DOI: 10.3923/rjog.2011.44.50

Received: June 02, 2011; Accepted: July 13, 2011; Published: December 03, 2011


As the incidence of congenital anomalies of the intrauterine is higher in infertile women than in the fertile population, their accurate detection play a decisive role in the final therapeutic success and in restoring the fertility of female (Saravelos et al., 2008; Abu Halima and Javaid, 2011).

Valenzano et al. (2006) suggested that precise examination of the intrauterine space is often difficult using either the transabdominal or the endovaginal method. The main restriction of the sonographic diagnosis is that the intrauterine cavity is a virtual space (Dudiak, 2001).

In stance, hysteroscopy is established method for diagnosing the origin of intrauterine pathologies.
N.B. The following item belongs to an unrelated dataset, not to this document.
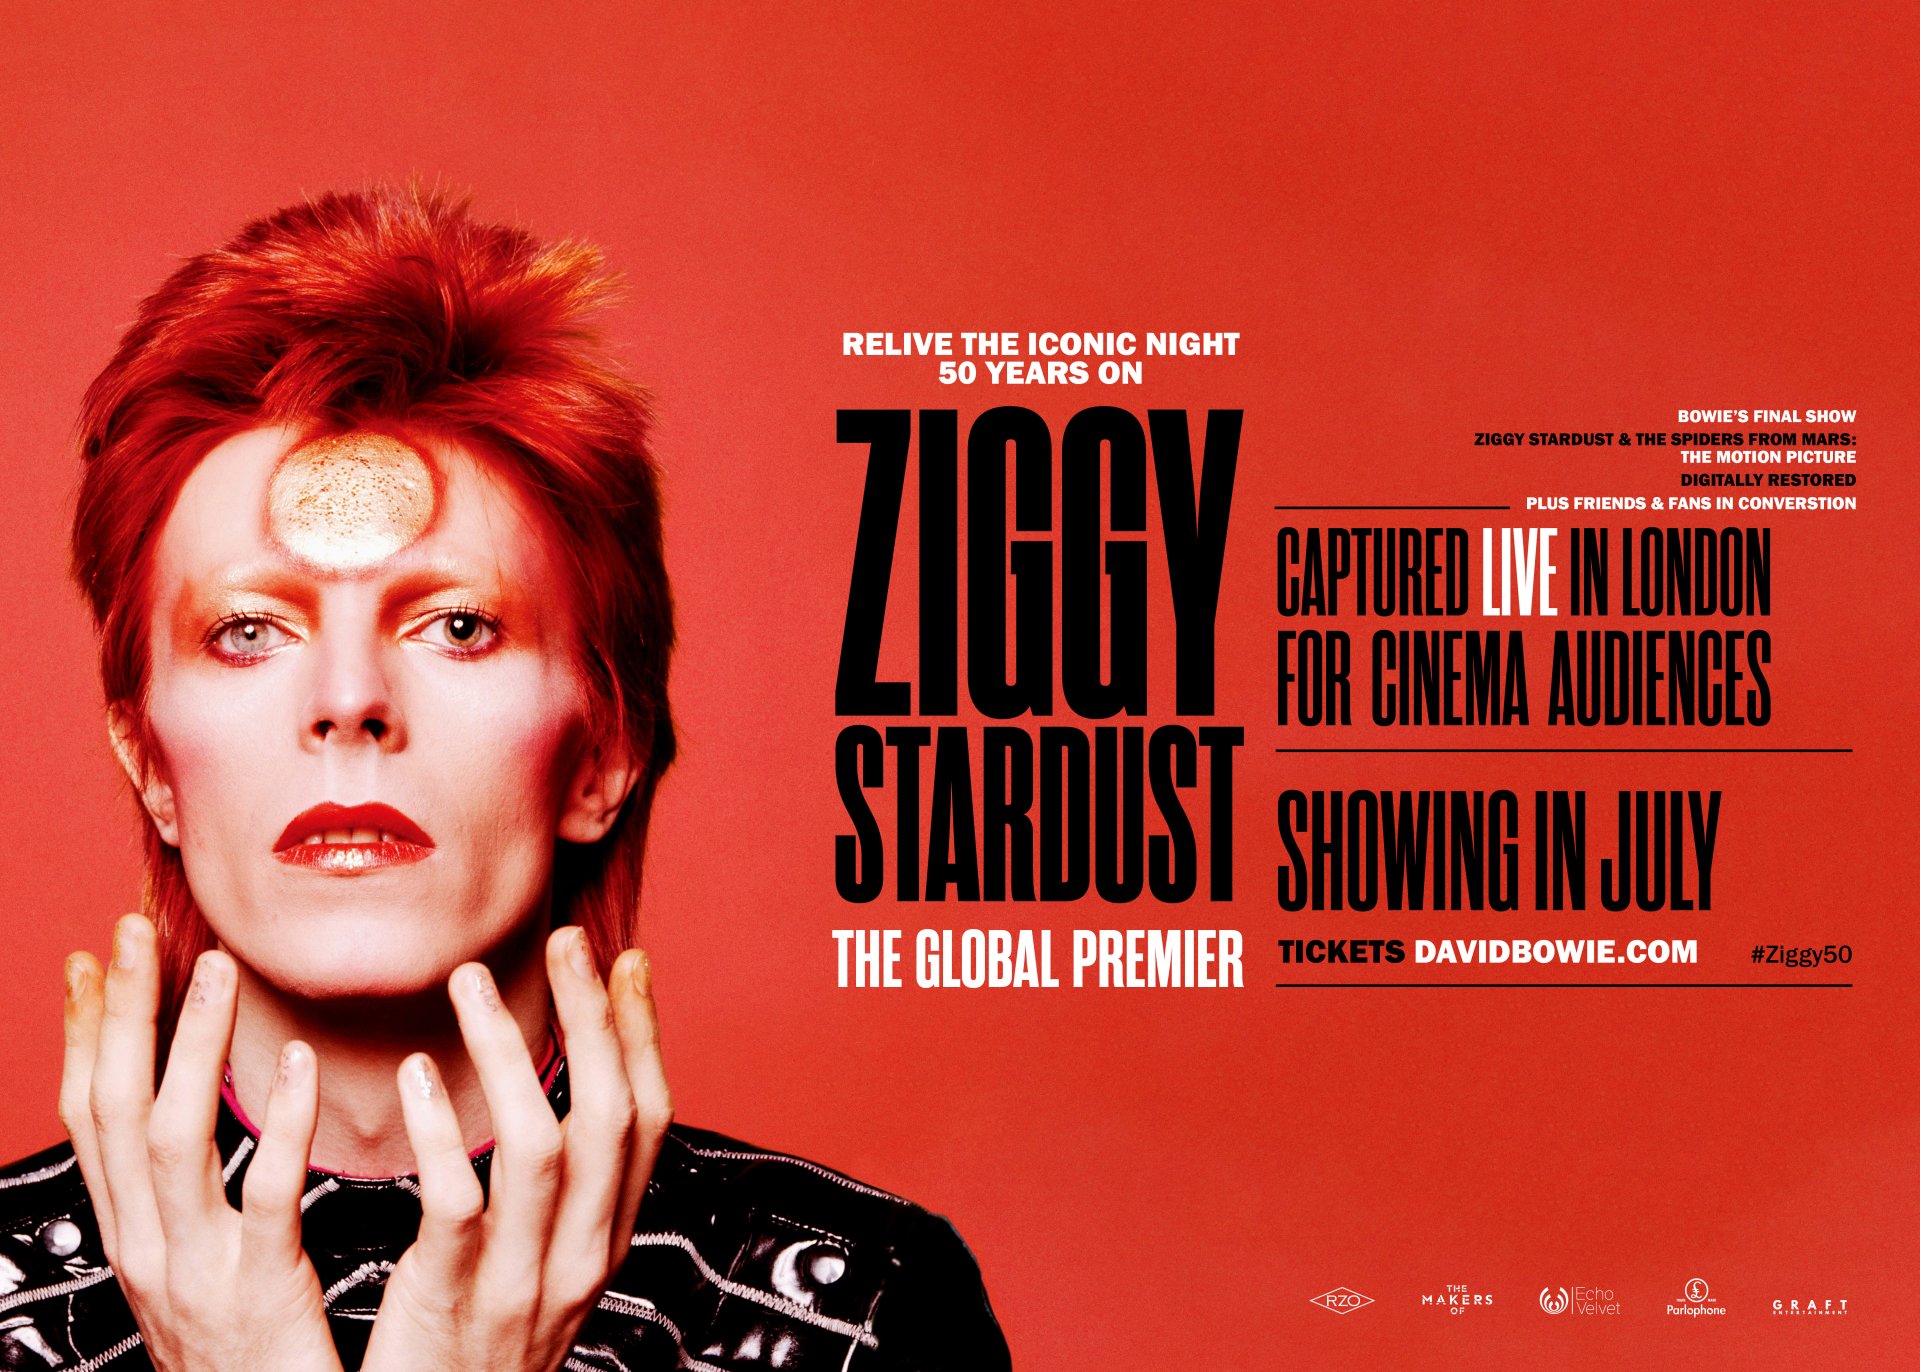 David Bowie Ziggy Stardust The Global Premiere 1863

Although this technique is valuable in discovery the origin of uterine abnormality, however, it might have complications and does not offer any data regarding asherman syndrome and myometrium. The non-invasive diagnostic procedures of option in the finding of intrauterine abnormality in patients should be simply applicable and capable determination of which invasive method may, subsequently, be appropriate (Yildizhan et al., 2008).

For example, Transvaginal Sonography (TVS) can be used to determine with high sensitivity polyps, submucosal myomas, endometrial hyperplasia and carcinoma (Osser and Valentin, 2011) however, this method may cannot diagnosis focal anomalies (Connor, 2011).

Saline Infusion Sonohysterography (SIS) is a diagnostic procedure consisting of an intrauterine infusion of saline solution through an injector during Transvaginal Ultrsonography (TVS) (Berridge and Winter, 2004). SIS lets demarcation of endometrial, submucosal and intrauterine cavity deformity (De Kroon et al., 2004).

In addition, it helps avoid invasive diagnostic procedures as well as optimize the preoperative process for the women requiring therapeutic intervention. It is easily and rapidly carried out at reasonable cost. Also, it is well tolerated and is virtually devoid of complications (Breitkopf et al., 2003; American Institute of Ultrasound in Medicine; American College of Obstetricians and Gynecologists; American College of Radiology, 2003).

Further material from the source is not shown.